Aman () is the fifth Studio album by Lebanese singer Myriam Fares. It was released on January 5, 2015 by Myriam Music. The album combines elements of House and Techno with traditional and Oriental music, with the title track "Aman" remaking an old Andalusian song titled "Lamma Bada Yatathanna". 

The sixth single "Nifsi Aoulhalak" was largely successful, and has been played at global night clubs outside of the Middle East.

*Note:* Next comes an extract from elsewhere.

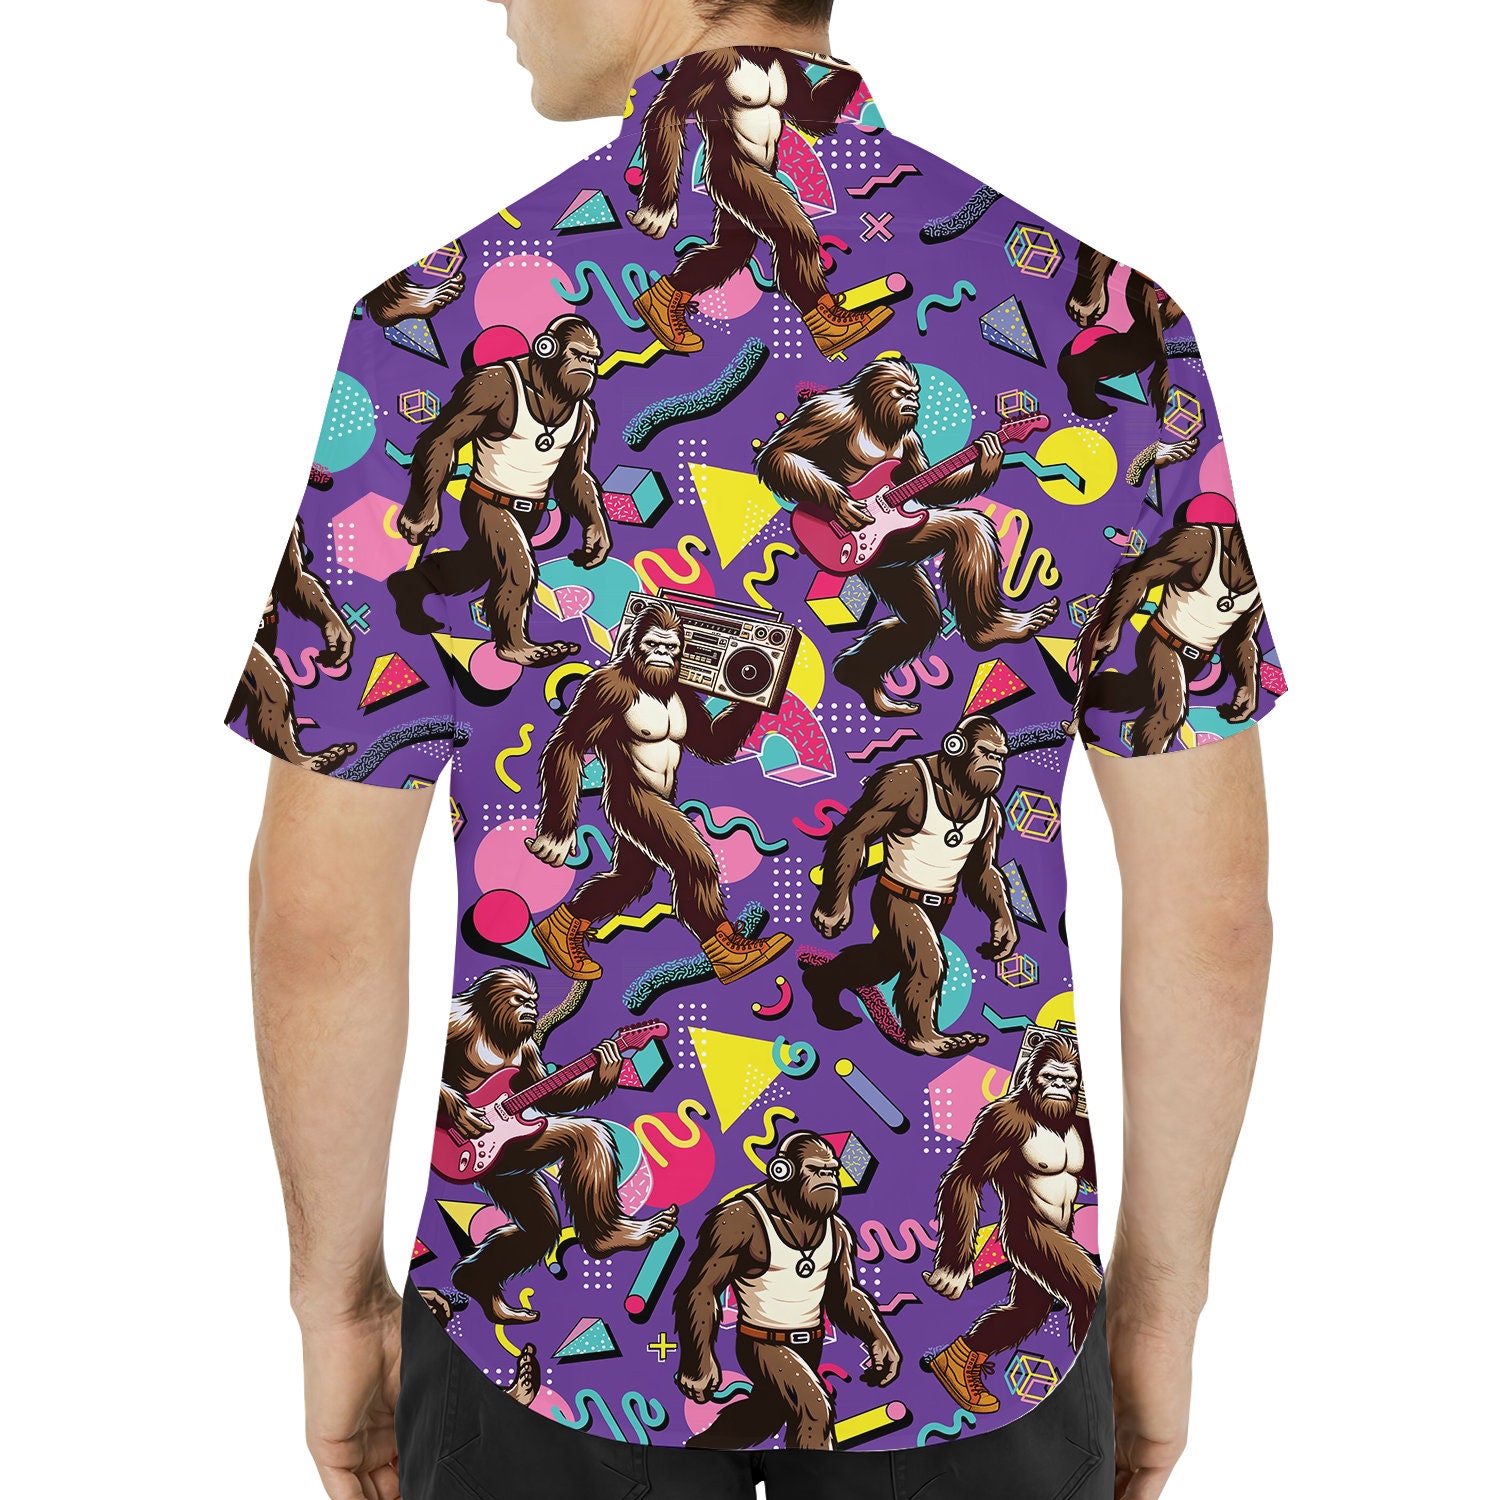 Retro Bigfoot Hawaiian Shirts for Men Women, Bigfoot Summer Beach Aloha Outfits

The album garnered positive reviews from critics across the Middle East.

Background 
Myriam's fourth album Min Oyouni was released in 2011, and it was her first full-length Khaliji album. Aman featured several Khaljji tracks including the second single "Ana Gheir". In the album, Myriam performed in Lebanese, Egyptian and Khaliji accents.

Singles and music video 
The lead single, "Chou Bheb" a ballad song was released in February 2012 and was followed by "Ana Gheir" in December.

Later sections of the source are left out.